America at war! (1941–) – Part 4

The Pittsburgh Press (November 16, 1944)

ALLIES OPEN BIG OFFENSIVE ON ENTIRE WESTERN FRONT
Thousands of planes blast Nazis

U.S. 1st and 9th Armies join four other armies in winter campaign
By J. Edward Murray, United Press staff writer

Yanks invade islands near New Guinea

Knock out Jap lookout station
By William B. Dickinson, United Press staff writer

Steel affiliate in U.S. accused of aiding Nazis

Disclosure of data to Germany charged
By Robert Taylor, Press Washington correspondent

Cook admits mutilating two women in Los Angeles

Slayer tells police he passed time between killings at horror movie

Hitler reported in Japan, Argentina, plotting peace

Rumors offer variety from new attempt on Führer’s life to trip by plane or U-boat

London, England (UP) –
Two independent sources suggested today that Adolf Hitler, far from mad, ill or dead, has left by submarine or plane for Japan for a spectacular conference with his last major ally.

The theory was advanced by non-Spanish diplomatic circles in Madrid and by Willi Frischauer, Austrian author who has spent 20 years studying Hitler’s life, in a letter to the editor of The London Daily Herald.

Diplomatic circles in Madrid also relayed a report that Hitler fled Germany last week and had taken refuge in some neutral country, “unconfirmedly Argentina.”

Other unconfirmed and often conflicting reports from the continent dealing with Germany and the fate of Hitler asserted:

  • Another attempt has been made on Hitler’s life.

  • Germany intends to begin peace overtures through Lisbon soon.

  • Gestapo agents arrested 70,000 persons in suppressing a revolt in Munich led by bombing refugees and foreign slave workers.

  • Nine Russian slave workers were shot in Berlin on charges of killing a policeman and possessing great quantities of arms and ammunition.

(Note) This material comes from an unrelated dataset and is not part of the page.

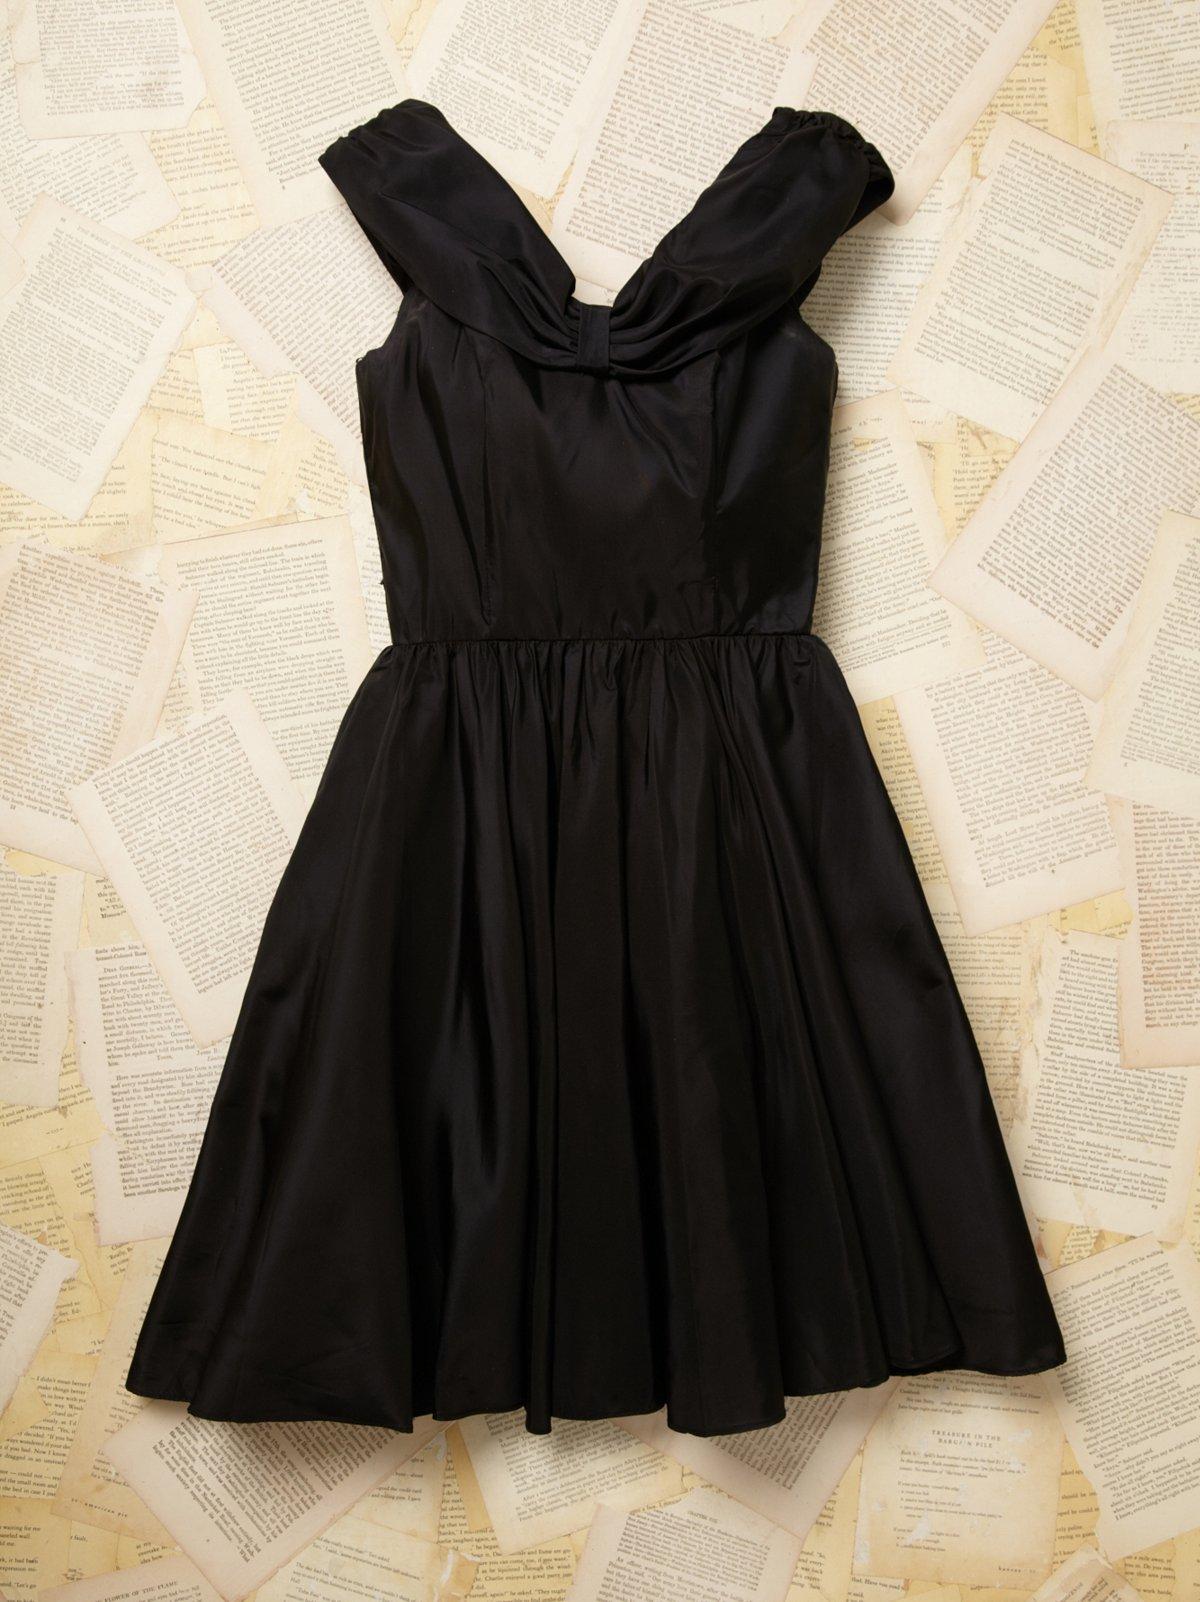 Vintage Sleeveless Bow Dress

  • Austrians have begun passive resistance against the Germans.

  • A new decree will be issued soon giving Gestapo chief Heinrich Himmler, apparently acting dictator of Germany, complete authority over the German Army and perhaps requiring the Army to take an oath of fidelity toward him.

  • Hitler’s bodyguards have been recalled from leave and have been forbidden to mix with civilians because of the spread of rumors over the Führer’s health.

Neither mad nor dead

Frischauer, in his letter to The Herald, said that 20 years of interpreting Hitler’s personality and politics convinced him that the Führer was neither mad nor dead.

Frischauer said:

Hitler, I suggest, perhaps in company with Reichsmarschall Hermann Göring, is on his way to Japan to stage a spectacular east-west Axis meeting with the Mikado.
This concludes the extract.